** Opening Dataset records block **

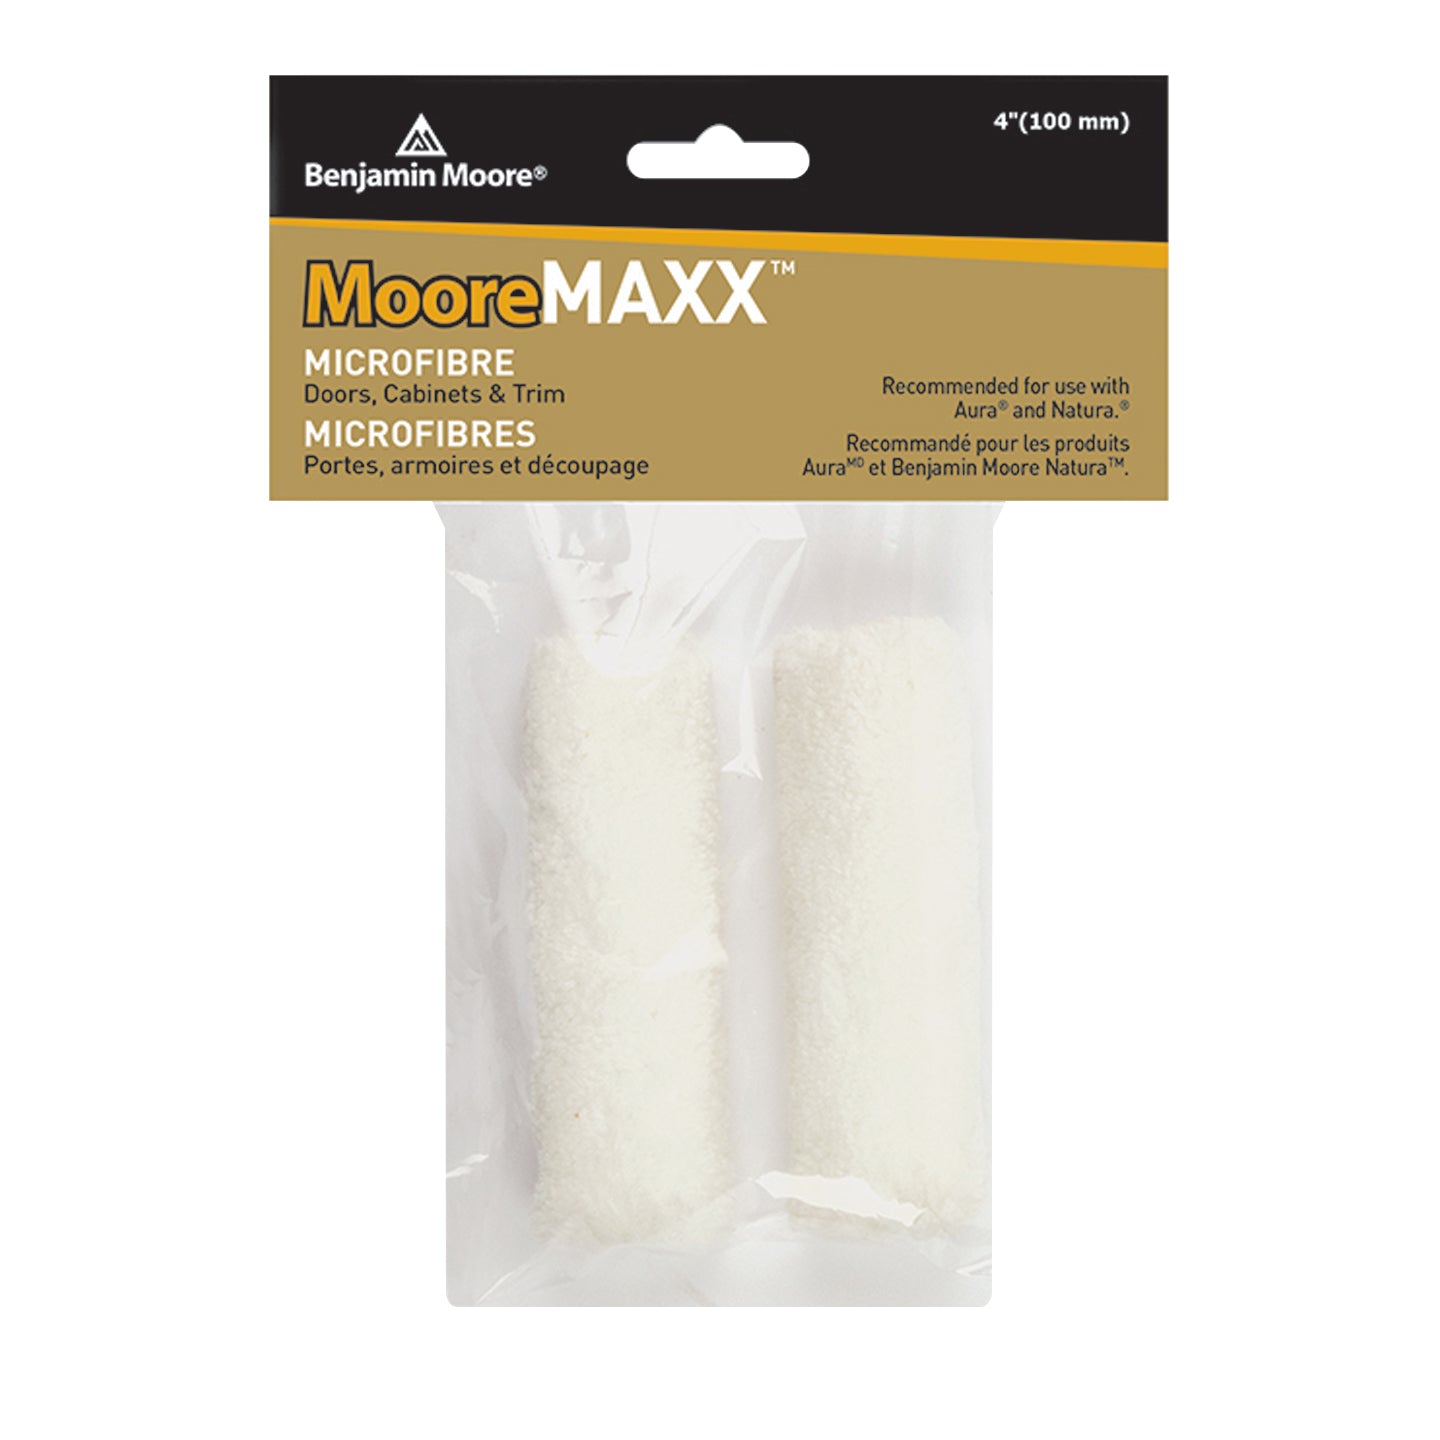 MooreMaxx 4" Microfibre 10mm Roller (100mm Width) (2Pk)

** Closing Dataset records block **
** Opening Dataset records block **

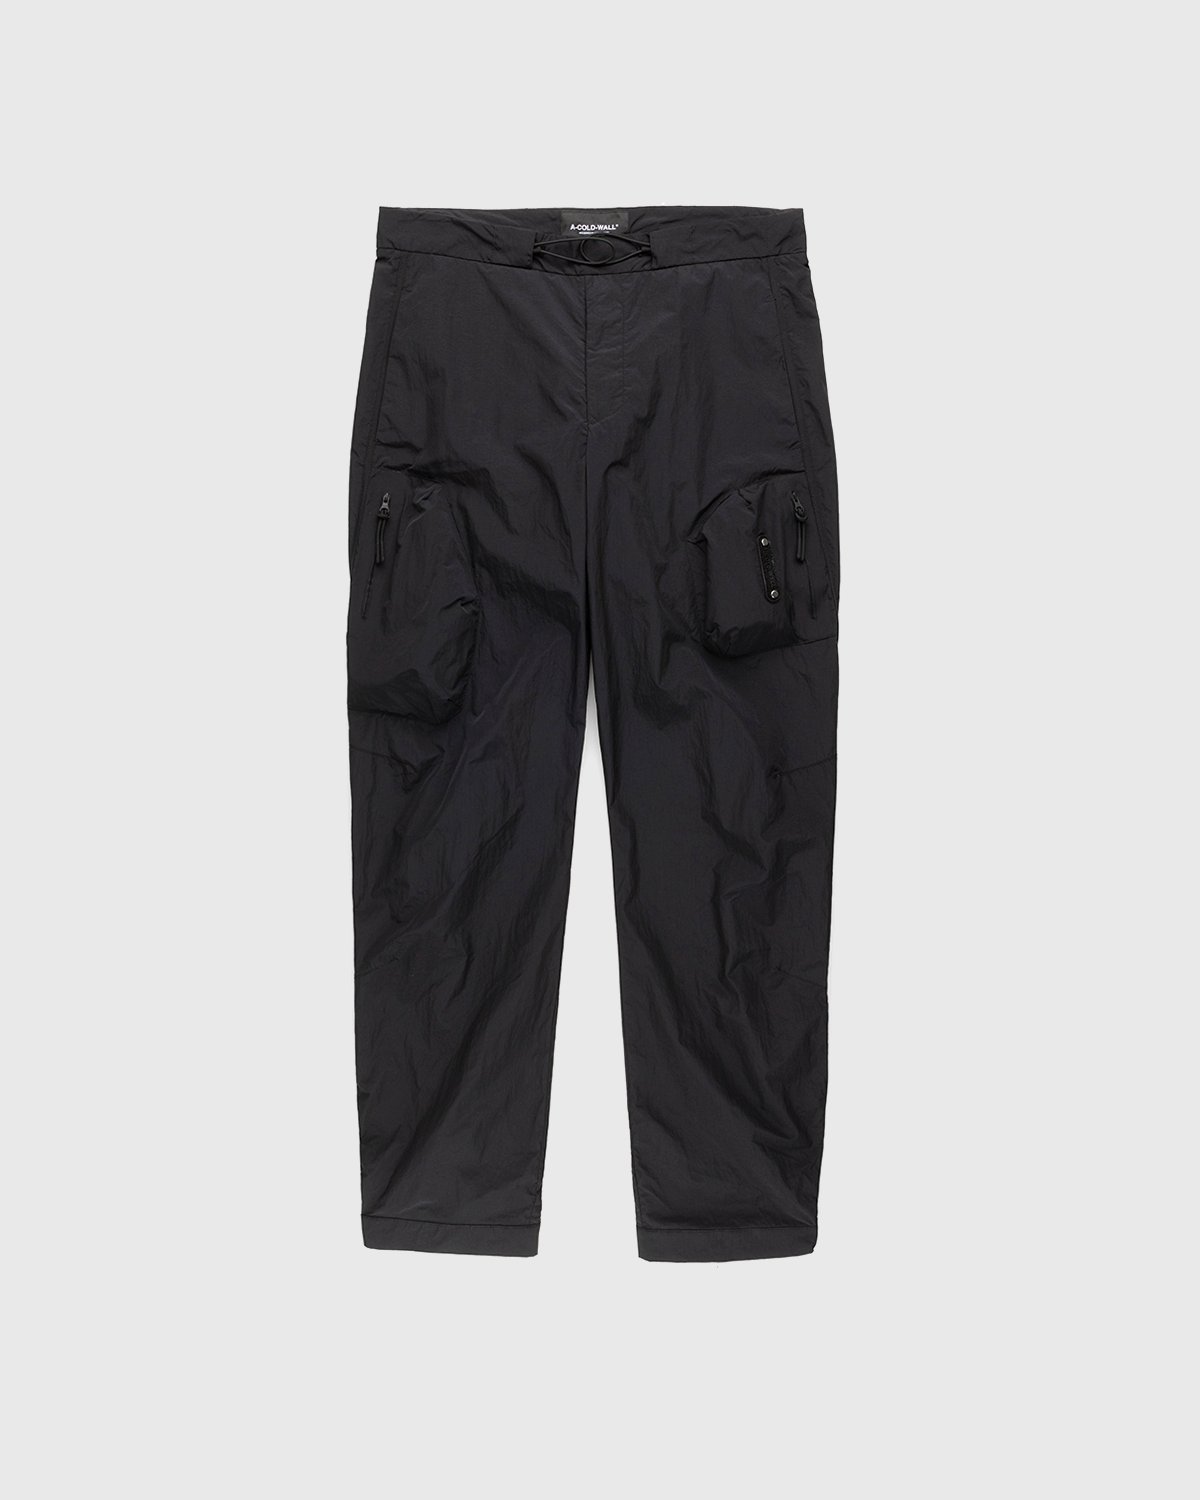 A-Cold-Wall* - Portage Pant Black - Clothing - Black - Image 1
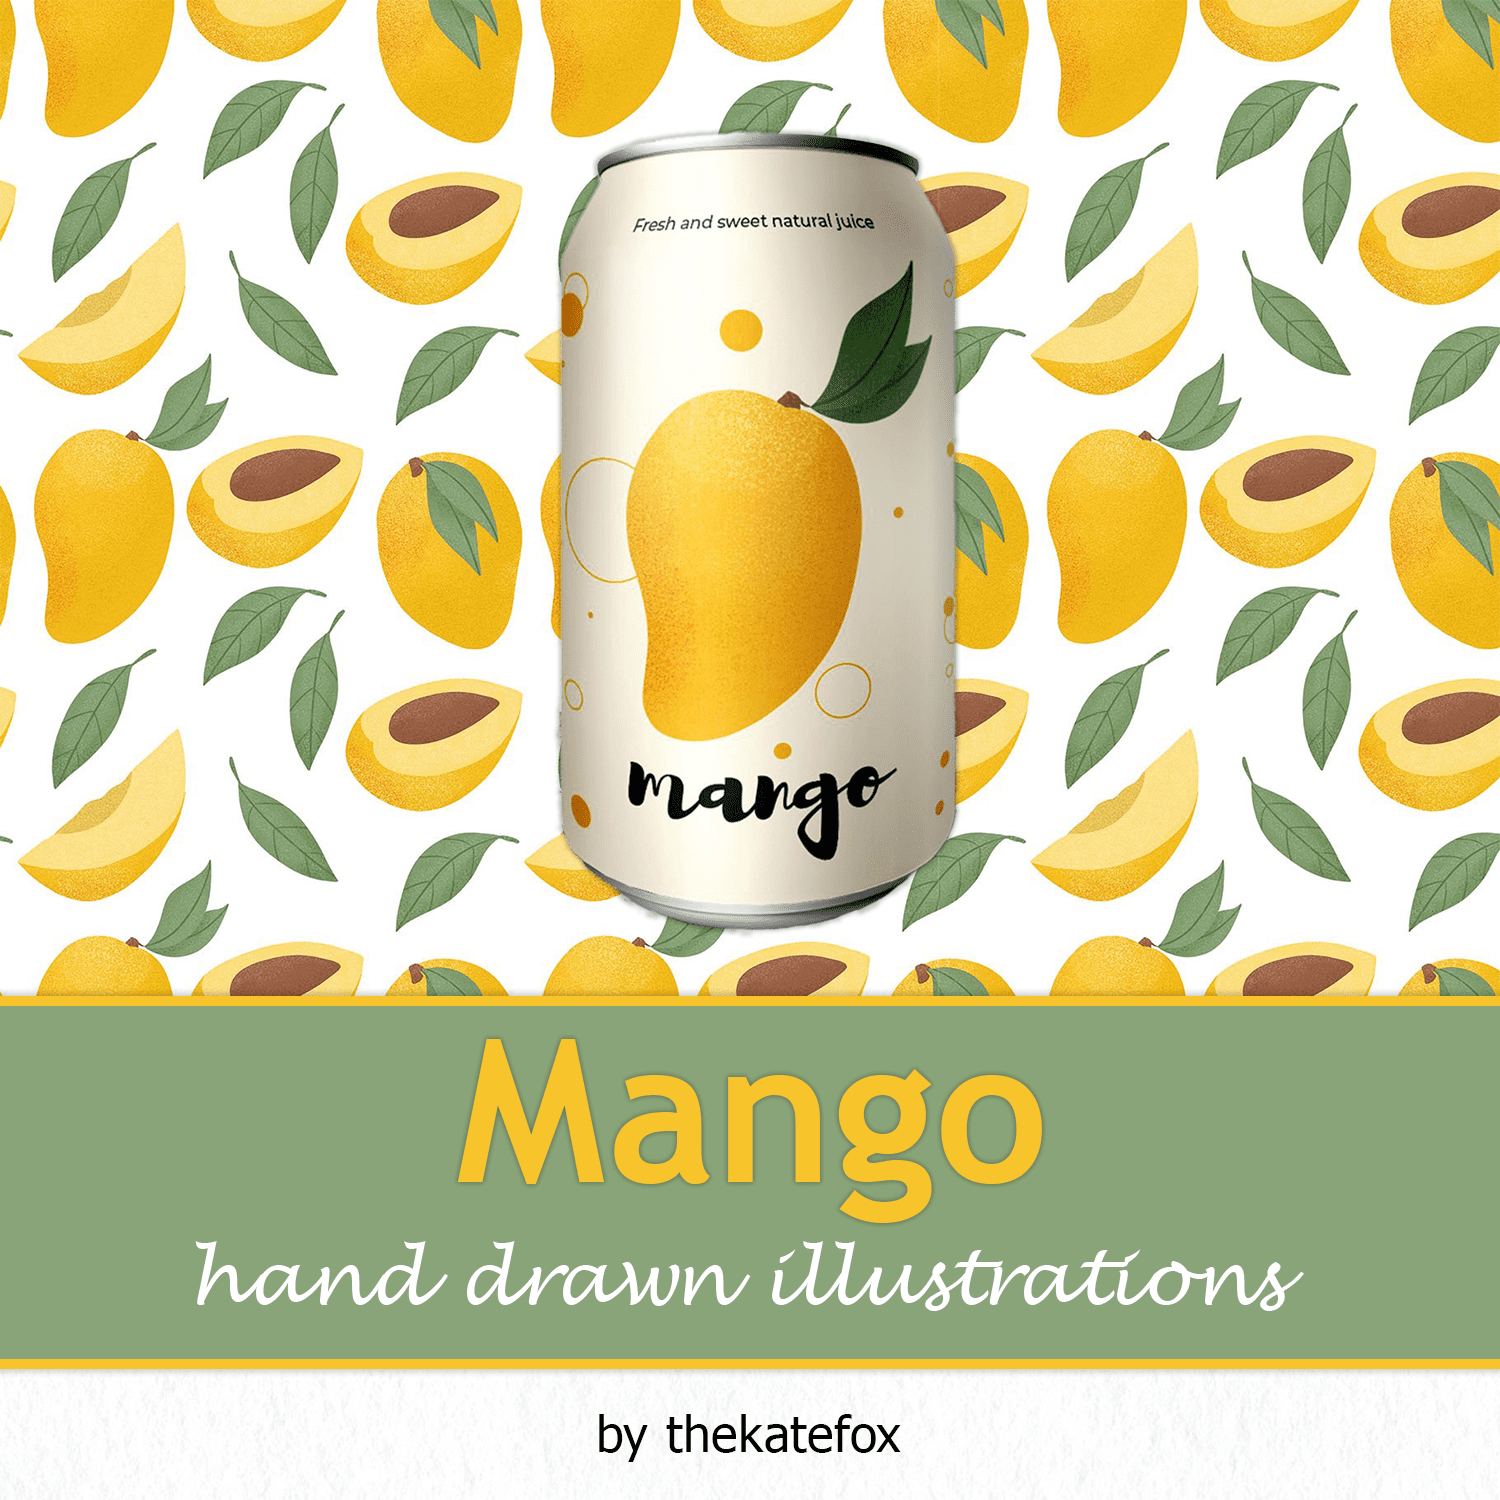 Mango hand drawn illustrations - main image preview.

** Closing Dataset records block **

> Requirement: Copy the listing above exactly, but only from the line with "A-Cold-Wall* - Portage" through the line with "Mango hand drawn", including those two lines and excluding any picture.

> Answer box:
 A-Cold-Wall* - Portage Pant Black - Clothing - Black - Image 1
 Mango hand drawn illustrations - main image preview.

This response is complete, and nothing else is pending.